Sanayi ağırlıklı büyümeye geçmeliyiz

İşsizlik rakamlarını nasıl buldunuz?
TÜİK'in açıkladığı rakamlar Eylül, Ekim, Kasım 2010 dönemini kapsıyor. Bu rakamlara göre, işsizlik oranı, yüzde 13'ten 11.2'ye düştü.
İşsizlik rakamlarının ayrıntılarını girdiğimizde ilk önemli sonuç; 2010'un son çeyreğindeki büyümenin beklentilerin üstünde gelmesinin hemen hemen kesinleşmiş olmasıdır.

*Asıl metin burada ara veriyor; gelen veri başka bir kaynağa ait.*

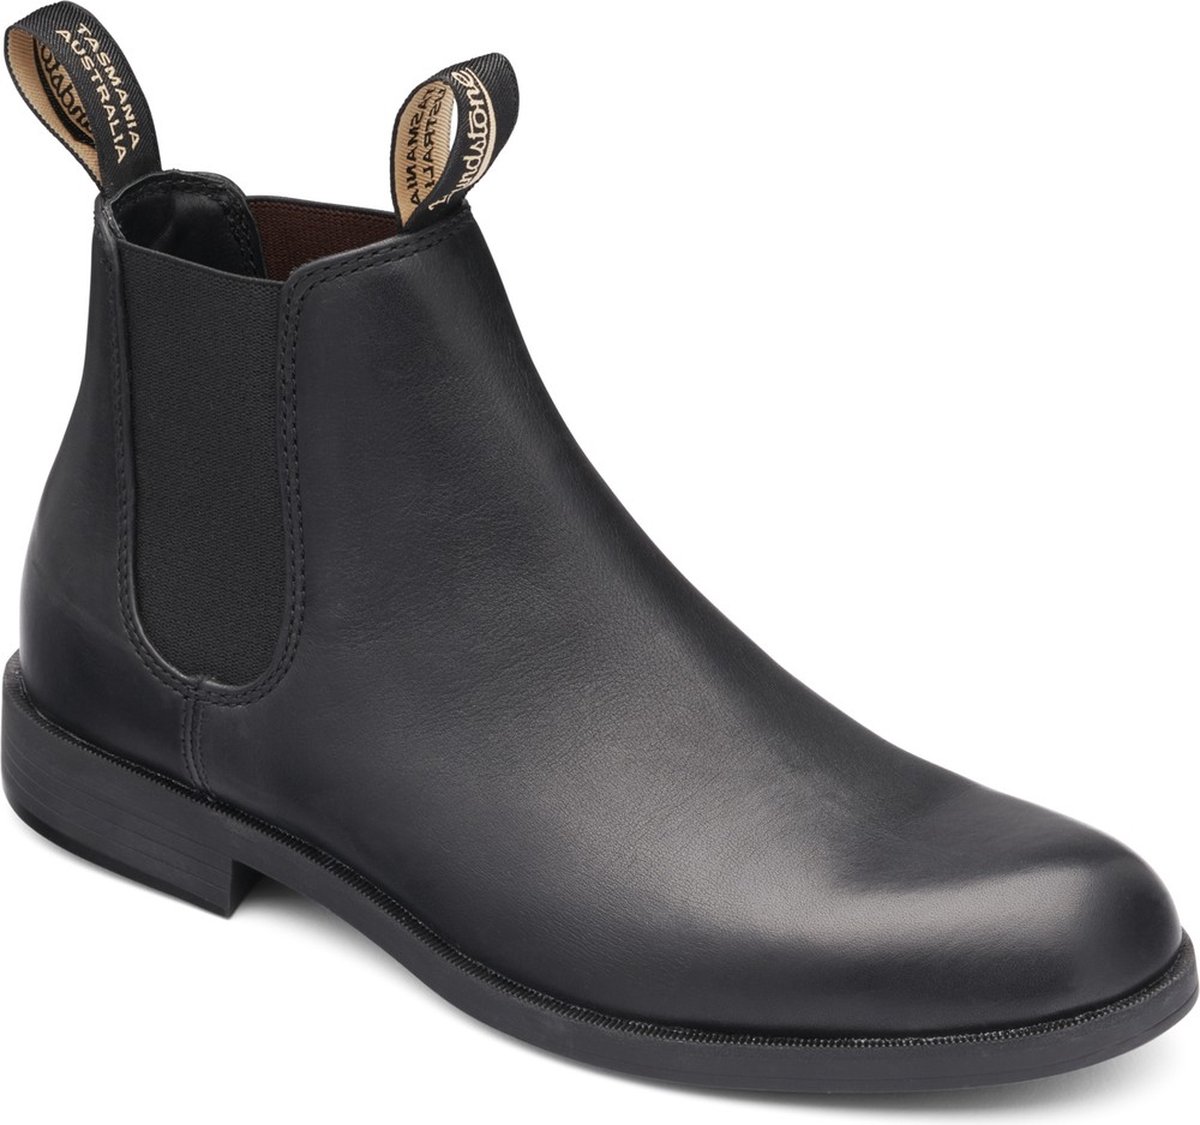 Blundstone Stiefel Boots #1901 Leather (Dress Series) Black-8.5UK

Böylece Türkiye'nin 2010 yılı büyümesi de beklentileri aşarak çift haneli rakamları bulacaktır. Yine bu dönemde işgücüne katılım oranının yüzde 49'u bulması, yani işgücüne katılımın artması önemlidir. Ayrıca kadınların işgücüne katılımının arttığını görüyoruz, demek ki kriz döneminde kadınlar aile bütçesine katkı için yoğun çaba içine girmiş. Ayrıca genç nüfusta işsizlik oranı, 2.7 puan düşüşle yüzde 21.3'e gerilemiş. Tüm bu veriler işsizliğin, krize rağmen, gerilediğini gösteriyor; ancak yine de Türkiye'nin en büyük ekonomik sorunu işsizlik...

2011'de herkesin iş bulabileceği ekonomi ortaya çıkar mı?
2011 bunun için erken bir tarih.
Türkiye'nin 2011 büyümesi, 2010 göre daha düşük olacak. Biz 2011'de yüzde 5-6 civarında büyüyeceğiz. Ama 2011'deki bu büyümeyi daha fazla hissedeceğiz. Çünkü Türkiye, 2011'de sanayi ve istihdam ağırlıklı bir büyüme gerçekleştirecek. 2010'da kısa vadeli sermaye girişleri ve ucuz dövizin teşvik ettiği ithalata dayalı bir büyüme gerçekleşti.
Özel sektör borçlandı ama bilançoların pasifinde yer alan bu büyüklük aktiflerde istihdam yaratıcı değerler olarak karşılık bulmadı. Yüksek faiz nedeniyle firmalar likit kaldılar ve istihdam yaratacak yatırımlar yapmadılar. Ancak 2011'de Türkiye'ye önemli ölçüde yabancı doğrudan yatırım gelecek ve işsizlik 2011'de daha hızlı olarak azalacak.
Türkiye'nin bütçe dengeleri de şu an çok iyi.
2010 bütçe açığı yüzde 25 azalışla gerçekleşti.

2011'de ihracat ve istihdam ağırlıklı büyüme için ne yapılmalı? Şu çok açık; büyüme, istihdam ve bütçedeki olumlu gelişmeleri kalıcı hale getirmek ve ekonomik refahı artırmak için Türkiye, yeni bir ekonomi programına geçmelidir. Türkiye rekabet gücünü ucuz işgücüne dayandırarak dünya ile yarışamaz.
Etkin işleyen bir piyasa mekanizması, elverişli yatırım ortamının yaratılması ve öncü sektörlere teşvik şarttır. Bunun için 2011'de yeni ve köklü reformlar gerekiyor. Teknoloji yoğun sektörler desteklenmeli. Bu konuda Sanayi Strateji Belgesi önemli bir adımdır.